Zusätzlich. Wenn du dem Optimizer dann noch diese Hints gibt oder ich kenne das ab und zu von SQL Quiz, den kannst du ja sogar forcen, nutze diesen Index. Wenn du jetzt wirklich weißt, was du da tust, dann kann sich die Implementierung des Optimizers ja auch in der nächsten Version der Datenbank ändern. Und dann sind wir genau wieder bei dem Beispiel, was du von deinem Kollegen da erzählt hast, die jagen irgendwelchen Performance Degradations hinterher wegen einem Datenbank Update oder ähnliches, weil der Optimizer sich unten drunter geändert hat. Also da ist ja die Frage, optimierst du hier auf eine innere Implementierung oder optimierst du auf Basis des Optimizer Interfaces, ähnlich wie ein Unittest du das externe Interface oder testest du die inner Implementierung?
Und auch da würde ich wieder sagen, wenn du keinen Einfluss drauf hast auf diese externe Implementierung, dann lass es einfach und nimm die an, dass die möglichst geschickte Sachen machen. Also da die Trennlinie zu ziehen, wie bei allen anderen Tests oder so. Genauso alles, was extern ist, was ich nicht beeinflussen kann, versuche ich dann auch weniger zu beeinflussen, weil sonst hat man genau diese Seiteneffekte, wo man dann auch so mit Bugs ewig lang sucht. Da hat man irgendwo einen Hint drinnen und alles wird langsamer und dann viel Spaß beim Suchen, weil der Hint ist irgendwo vor fünf Jahren mal eingegeben worden.
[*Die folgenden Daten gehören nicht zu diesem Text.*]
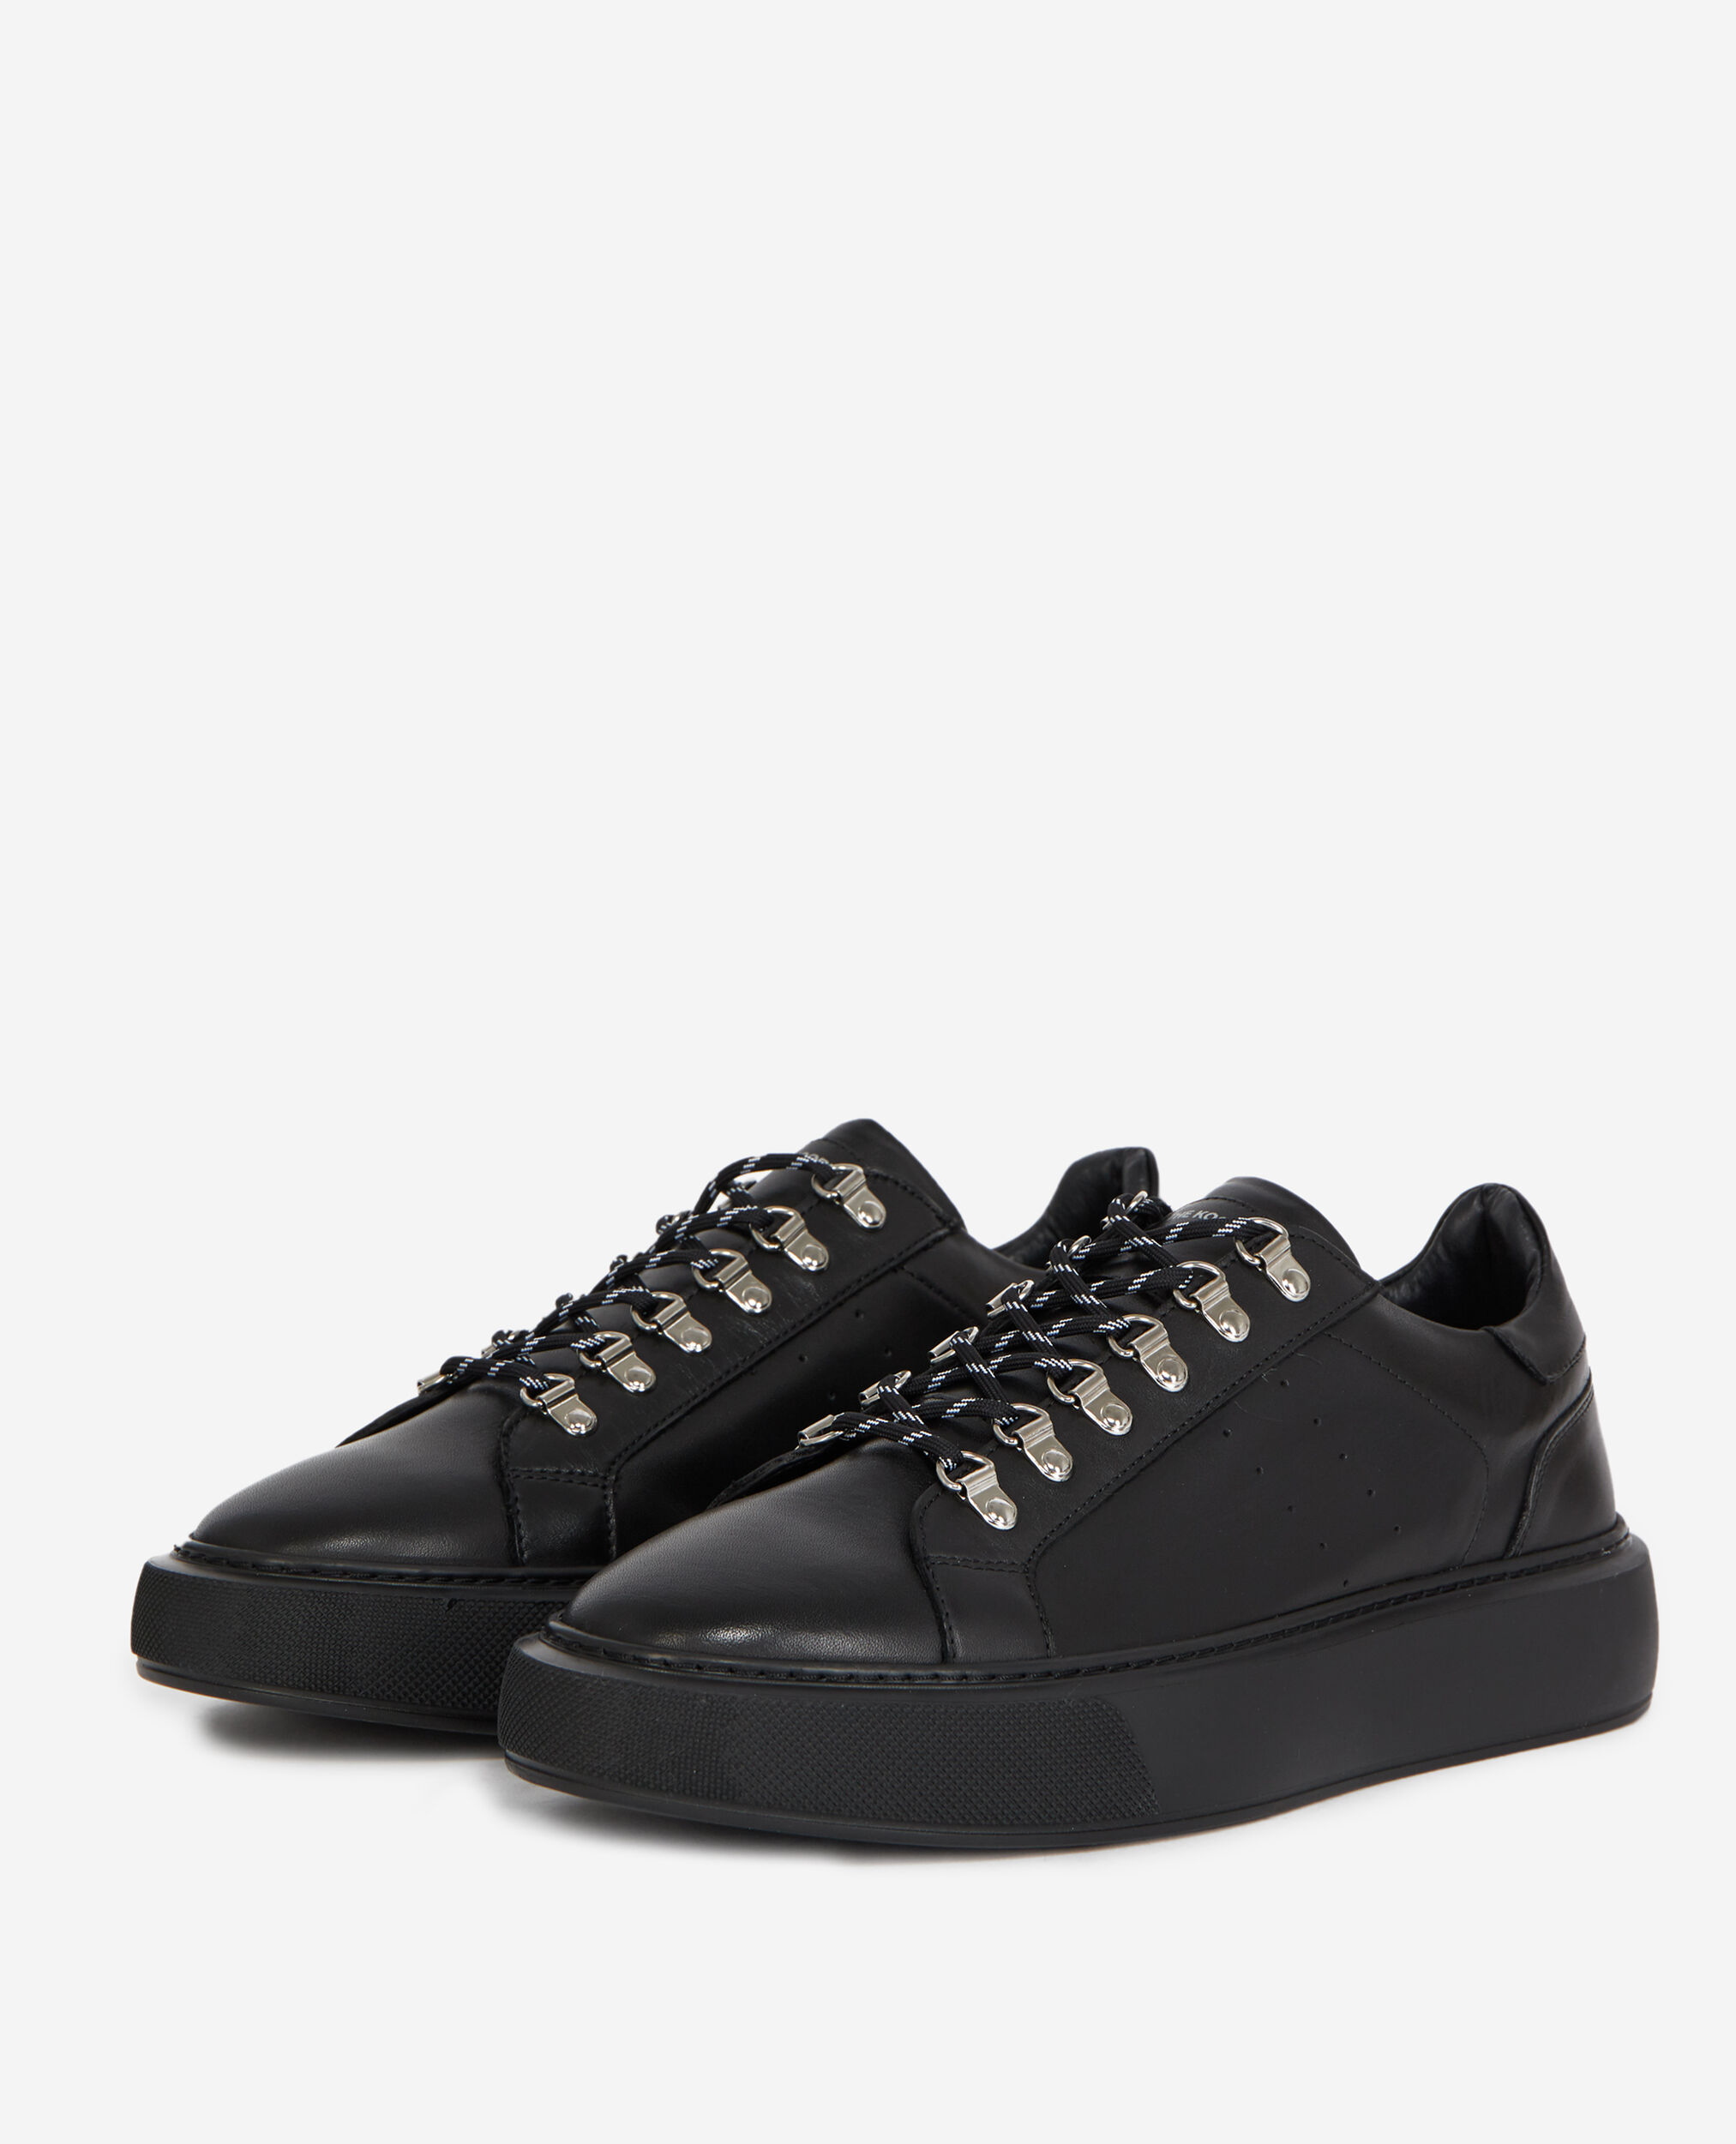 Wedge black sneakers in leather with eyelets, BLACK, hi-res image number null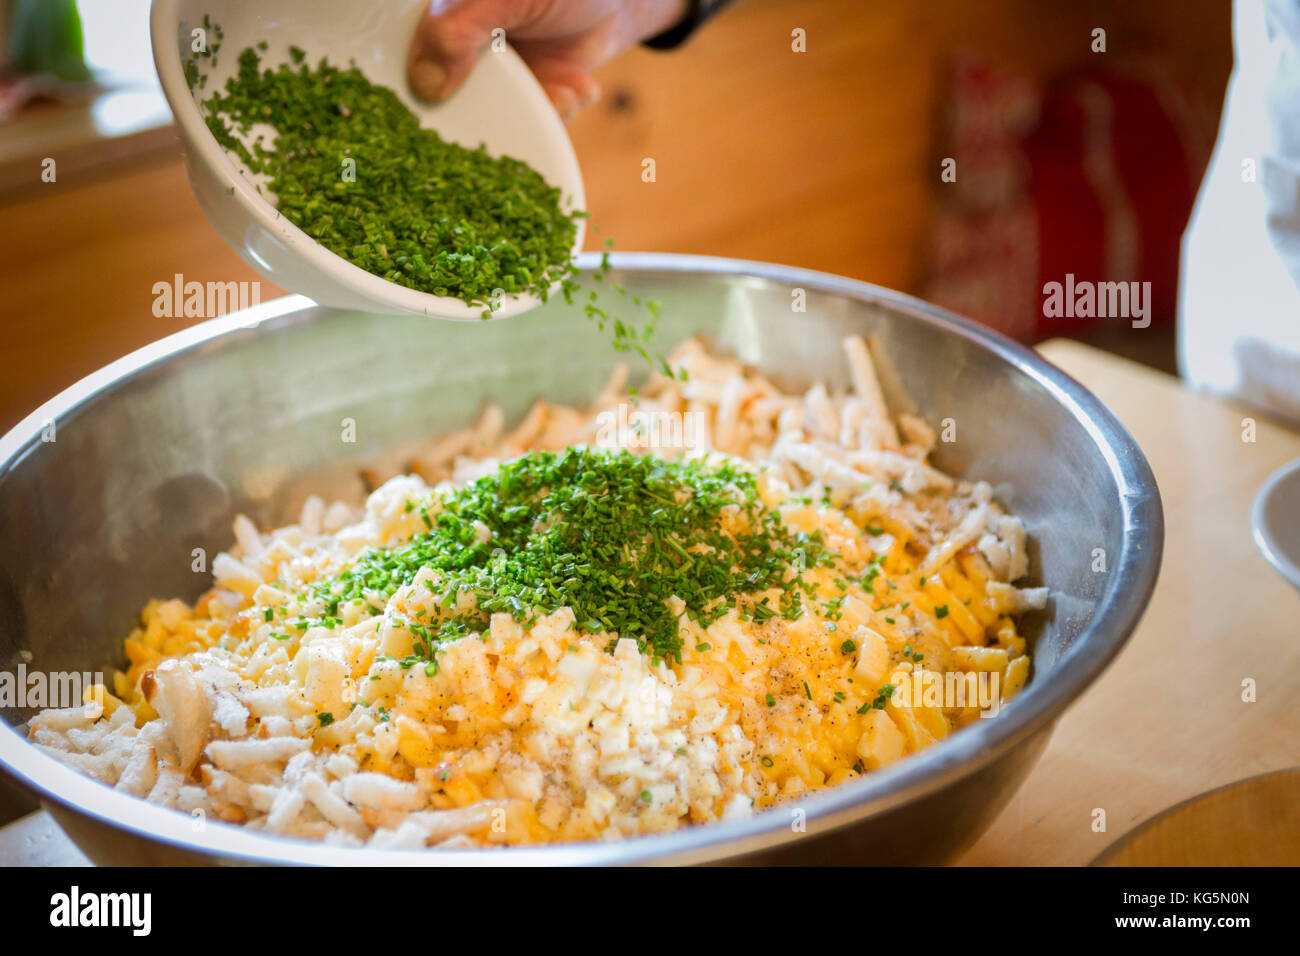 a Chef is preparing a traditional local food with eggs, brot, and chives, Bolzano province, South Tyrol, Italy Stock Photo

Ich frage mich gerade, was ist der Hauptfokus von Indizes? Was optimieren die? Optimieren die die algorithmische Ausführung oder optimieren die anhand von Tweaks, wie die Hardware genutzt wird, also I, O und Co. Denn wir haben über beide Areale bereits gesprochen. Was würdest du sagen, ist der Hauptfokus eines Index zur Optimierung?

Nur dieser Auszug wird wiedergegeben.